The Pale White – Infinite Pleasure

La ville de Newcastle regorge de talents, on y connaissait déjà Maxïmo Park et plus récemment Sam Fender, pour ne citer qu’eux. C’est au tour des Pale White de sortir de l’anonymat avec leur premier album : Infinite Pleasure.

Ce trio est composé de deux frères Adam (chanteur et guitare) et Jack Hope (batterie) et d’un ami, Tom Booth (basse et choeurs). Leur premier single, Second Place, est sorti en 2016. Nous voici en 2021, ils auront donc pris leur temps pour sortir leur premier album !

L’album est globalement divisé en deux styles. D’un côté on retrouve des chansons rock entrainantes plutôt classiques et efficaces. De l’autre, des titres où le groupe s’autorise plus de libertés avec des prises de risques plus ou moins réussies. Autre information importante, 5 des 11 titres de Infinite Pleasure sont sortis sous forme de singles durant les années précédentes.

Les titres dits “classiques”

L’excellent That Dress est un exemple parfait de ce que savent faire The Pale White, c’est d’ailleurs leur tout premier succès. Toutes les principales caractéristiques du trio y sont répertoriées : une batterie tonique, soutenue par une ligne de basse bien présente et une guitare qui oscille entre riff et mélodie. À savoir que la version présente sur l’album est une version retravaillée et améliorée comparativement à l’originale sortie en 2016.

Glue et Take Your Time sont dans la même lignée avec deux excellents refrains bien que Glue soit légèrement plus dynamique tandis que Take Your Time arbore une ligne de basse plus efficace. Le single Medicine sorti en 2019 est également une grande satisfaction.

Il est évident que le groupe à certaines grandes influences que l’on retrouve notamment sur Sonder qui semble être le mix entre deux artistes bien connus. En effet, on pense à Queens of the Stone Age dans la dynamique globale du morceau et dans l’utilisation des choeurs, ainsi qu’à Jack White dans les sonorités de la guitare.

Malheureusement la répétition de la formule ne marche pas toujours comme sur Confession Box qui est un peu facile. On aurait presque la sensation d’avoir déjà entendu ce titre sur l’album.

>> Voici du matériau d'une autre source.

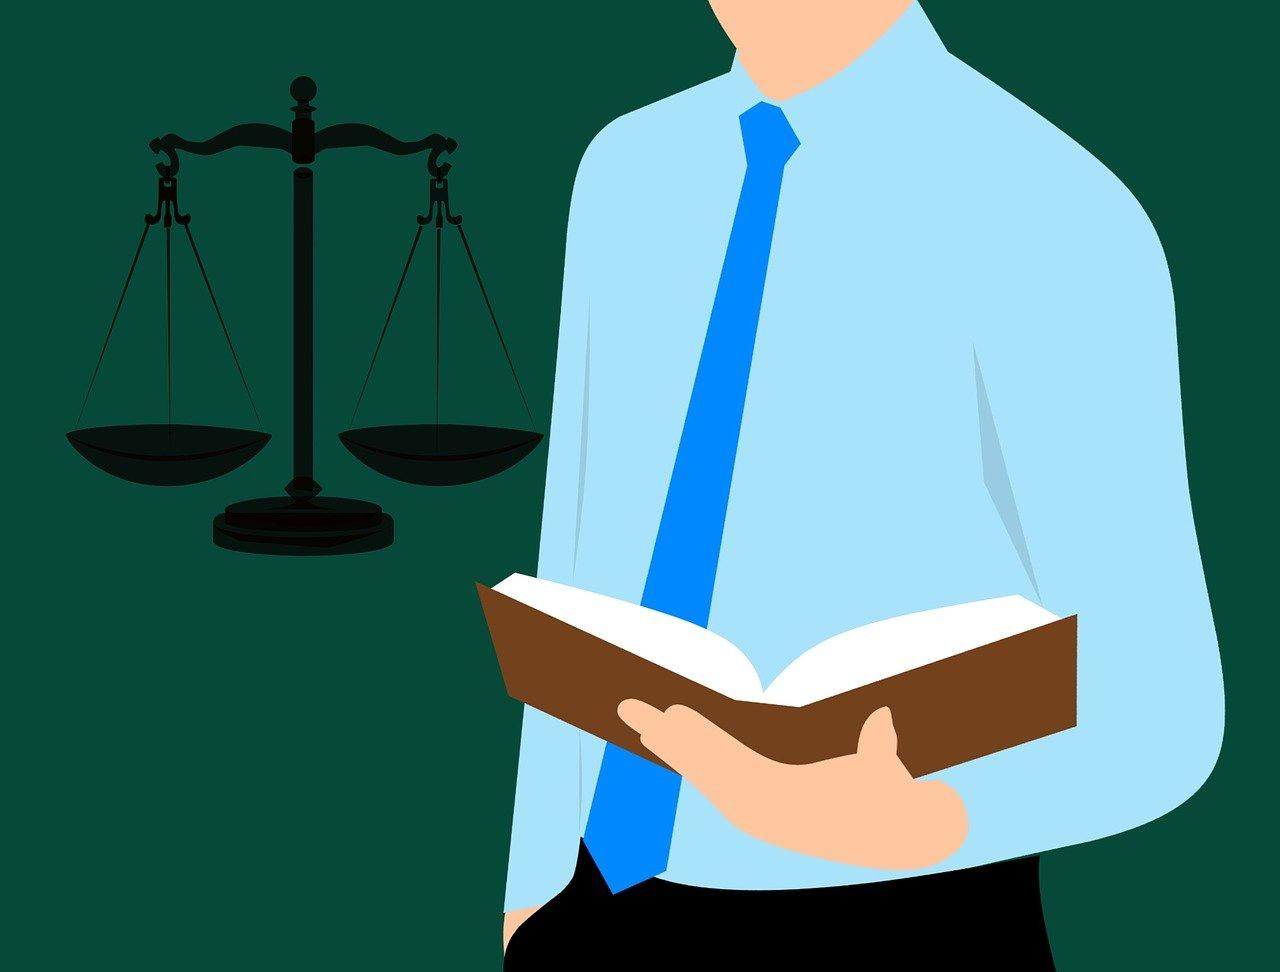 Student práv hledá informace v knize (Zdroj: Fotobanka Pixabay.com)

Il en va de même avec Nothing Lasts Forever malgré une excellente ligne de basse. Evidement, suivant les goûts de chacun les avis peuvent diverger selon les titres mais la sensation globale devrait être la même.

Les titres dits “prises de risques”

The Pale White débutent pourtant leur album en douceur avec un nouveau titre Infinite Pleasure qui fait une excellente introduction. Dès les premières notes on pressent une tension qui monte en puissance et qui finit totalement par exploser. Le final est rempli de rafales de batteries qui donnent envie de retrouver les salles de concert au plus vite…

Still No Taste est une courte reprise acoustique du refrain de Medicine. On peut légitimement supposer qu’ils se soient inspirés de leurs amis The Amazons avec lesquels ils ont beaucoup tourné en 2019. En effet, sur leur album Future Dust, The Amazons explorent cette idée de reprendre une section de leur chanson 25 en version acoustique avec 25 (Reprise).

Anechoic Chamber Blues est l’autre chanson acoustique de l’album. L’idée de casser un peu le rythme effréné de l’album est intéressante malheureusement elle est mal maitrisée. Le titre est légèrement long et très répétitif ce qui rend la chanson lassante et oubliable au fil des écoutes.

Heureusement, Infinite Pleasure finit en apothéose avec Frank Sinatra qui est tout simplement le plus long titre du groupe à ce jour avec ses 6 minutes et 50 secondes. La construction du morceau évoque notamment le travail de Last Train sur leur dernier album : The Big Picture.

Ce dernier morceau permet de donner de l’épaisseur à l’album et de sortir du prototype du rock facile que l’on peut retrouver par moments.

L’album est d’ailleurs fait pour la scène et ça s’entend, notamment au niveau des distorsions volontairement laissées sur le début de Infinite Pleasure, sur la fin de Glue et sur la fin de Nothing Lasts Forever.

Malgré de très nombreux singles sortis depuis 2016, The Pale White ont choisi de faire un premier album composé seulement de 11 titres. La formule semble être payante avec un premier album globalement cohérent et abouti.

TRACKLIST

Infinite Pleasure

Glue

Take Your Time

That Dress

Nothing Lasts Forever

Medicine

Confession Box

Anechoic Chamber Blues

Sonder

Still No Taste

Frank Sinatra

Nos morceaux favoris : That Dress, Medicine, Frank Sinatra

LA NOTE DU RÉDACTEUR : 7 / 10

Les autres notes :
Fabien : 6,5/10. Des débuts très prometteurs que l’on a hâte de voir sur scène.